The server seems to have been fixed, but on reflection, I won't merge the workaround PR as this is (thanksfully) quite an unusual case. At least the PR is there if someone badly needed to patch their build with such a workaround.

Le 10/09/2024 à 17:11, thomas bonfort a écrit :
I'm not sure that providing a fix to work around this very broken behavior is the best way of action to make them fix their server...

On Tue, Sep 10, 2024 at 5:07 PM Even Rouault via gdal-dev <gdal-dev@lists.osgeo.org> wrote:


    Le 10/09/2024 à 16:10, Rahkonen Jukka via gdal-dev a écrit :

    Hi,

    Have you tried with configuration option
    “CPL_VSIL_CURL_USE_HEAD=[YES/NO]: Defaults to YES. Controls
    whether to use a HEAD request when opening a remote URL.”

    I was just going to suggest that too.
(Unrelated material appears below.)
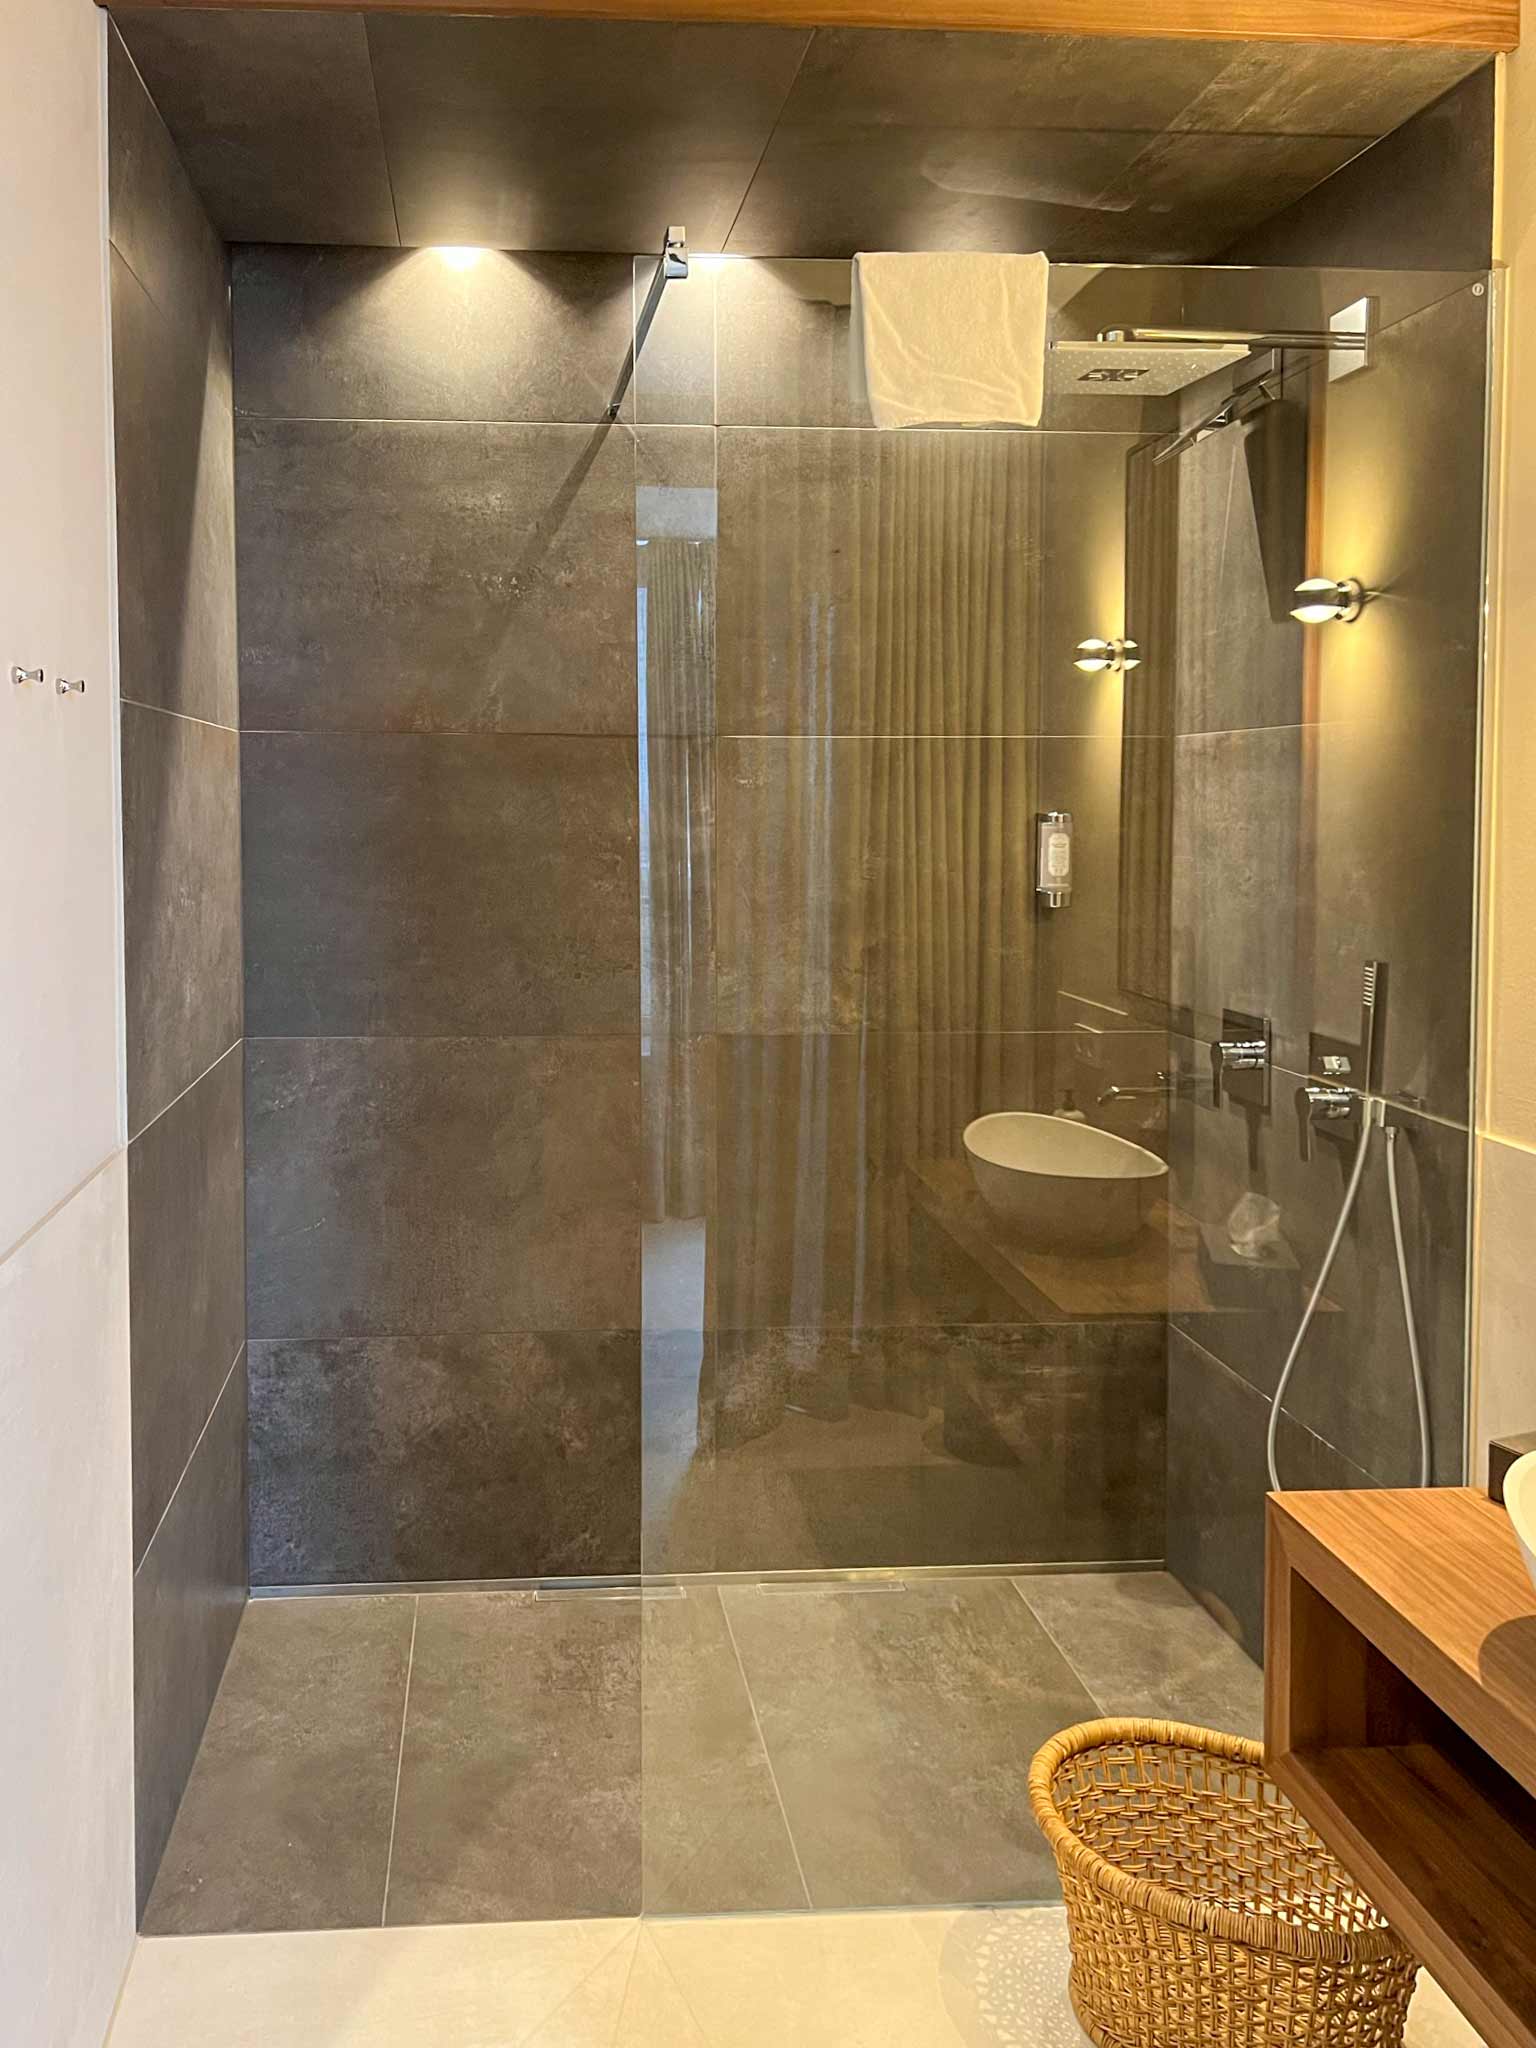 Bodengleiche Dusche mit dunklen großformatige bzw. XXL-Fliesen in einem hell gefliesten Badezimmer.

It "works", but not really.
    It just postpones the core issue: the server doesn't support GET
    Range requests, so can't be used with /vsicurl/

    As it has a COG organization with overview data first in the file,
    If you want to read the smallest overview(s), you can use
    /vsicurl_streaming/ instead, but that won't be efficient to read
    the bottom-right most tile of the full resoultion late, which will
    require reading the whole file...

    Nothing GDAL can do about that.

    Actually... digging further... it somehow supports Range requests,
    but in what I believe a non-compliant way. It does return the
    expected content, but returns HTTP 200 and not HTTP 206 (Partial
    content). And it never returns the Content-Length header.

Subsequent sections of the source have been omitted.